Check if anything changed on the date when the robots first started exhibiting connectivity/communication issues, e.g, upgrade of the robot, change in IP address, change in configuration, networking/routing changes, security changes, etc.

Run the hostname command on the robot machine to make sure it displays the correct/expected hostname

Test if you can ping the robot from the hub and vice versa but we realize that sometimes ping is not allowed due to security.

See if you can resolve the host from each respective host

   From the hub, nslookup <robot_hostname>

   From the robot, nslookup <hub_hostname>

See if you can connect successfully to and from the hub and robot via telnet, e.g.,

   telnet TO the robot FROM the hub on port 48000
   telnet TO the hub FROM the robot on port 48002

If telnet is disabled, enable it if possible or use the Putty utility if there is not other option.

On the robots, check if the following robot probes show as green and show ports AND PIDs?
   
   - controller, hdb, and spooler

Are the controller, hdb, and spooler processes running? If not, it's possible that they are either being blocked or the robot installation was not 100% successful.

On Windows, check the Nimsoft Robot Watcher Service to make sure it's running and in the IM, controller and hdb and spooler should have a port and pid on a robot.

On UNIX/Linux, to check the robot processes:

   - ps -ef | grep nim should display those 3 processes

# ps -ef|grep nim

root       5910      1  0 13:57 ?        00:00:00 ./nimbus /opt/nimsoft
root       5937   5910  0 13:57 ?        00:00:01 nimbus(controller)
root       6652   5937  0 14:13 ?        00:00:00 nimbus(spooler)
root       6654   5937  0 14:13 ?        00:00:00 nimbus(hdb)

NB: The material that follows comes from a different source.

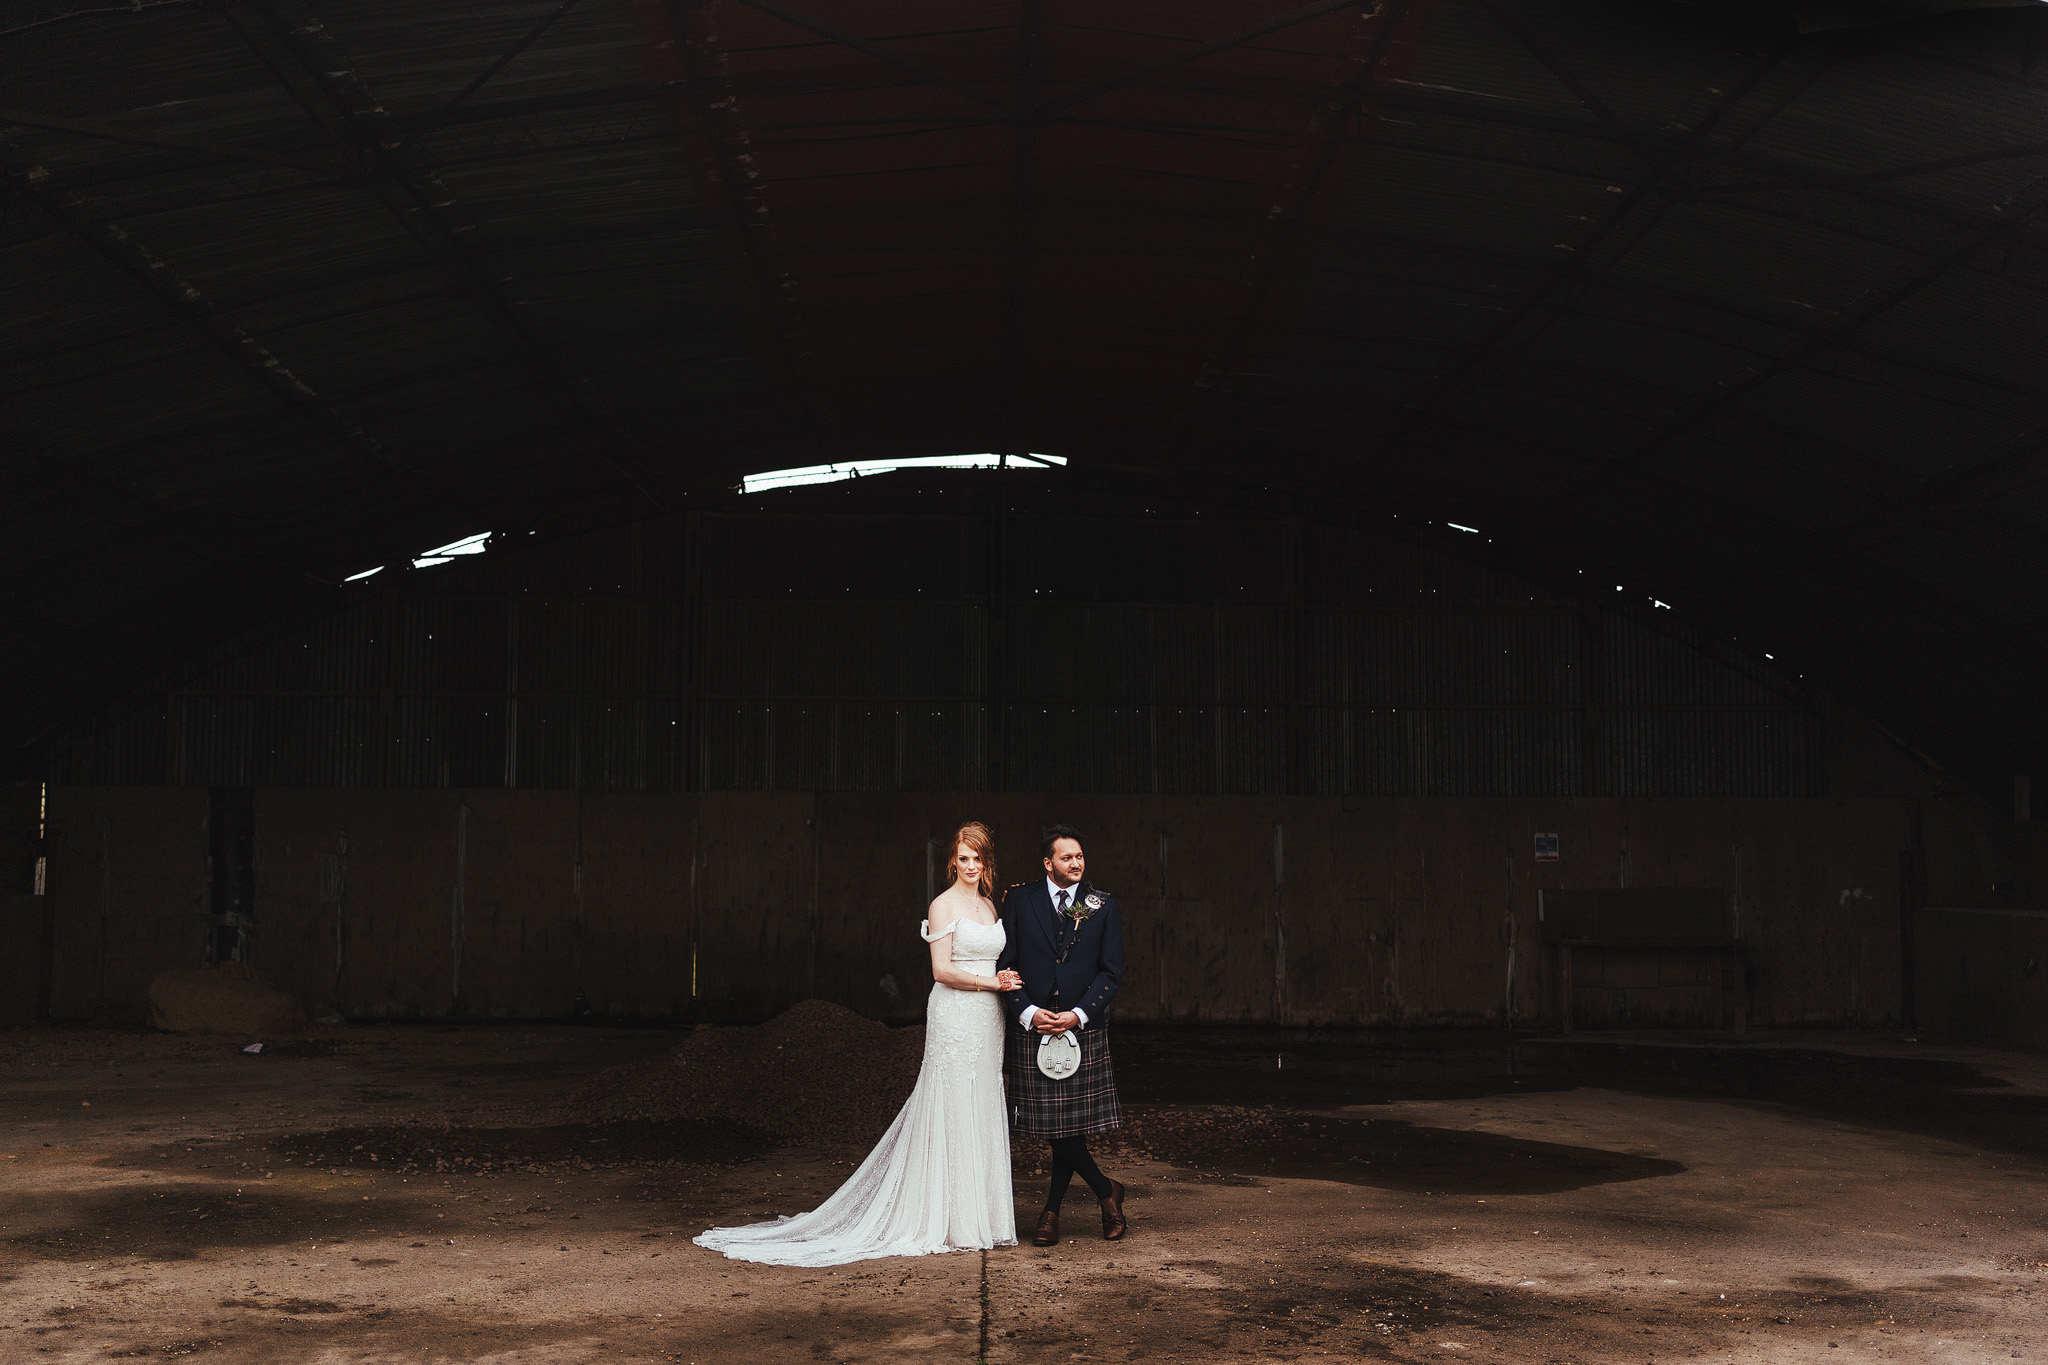 Wedding Photographer Of The Year 2020031

On the robot, if only the controller is running and not the hdb and spooler, then it's possible that either the installation did not complete or there is a local firewall enabled and blocking the ports/protocols.

Run a tracert (Windows) / traceroute (Linux/UNIX) command to see if the robot has a network route/path to follow to reach the hub.
 
 - From hub to robot and robot to hub, does it successfully complete?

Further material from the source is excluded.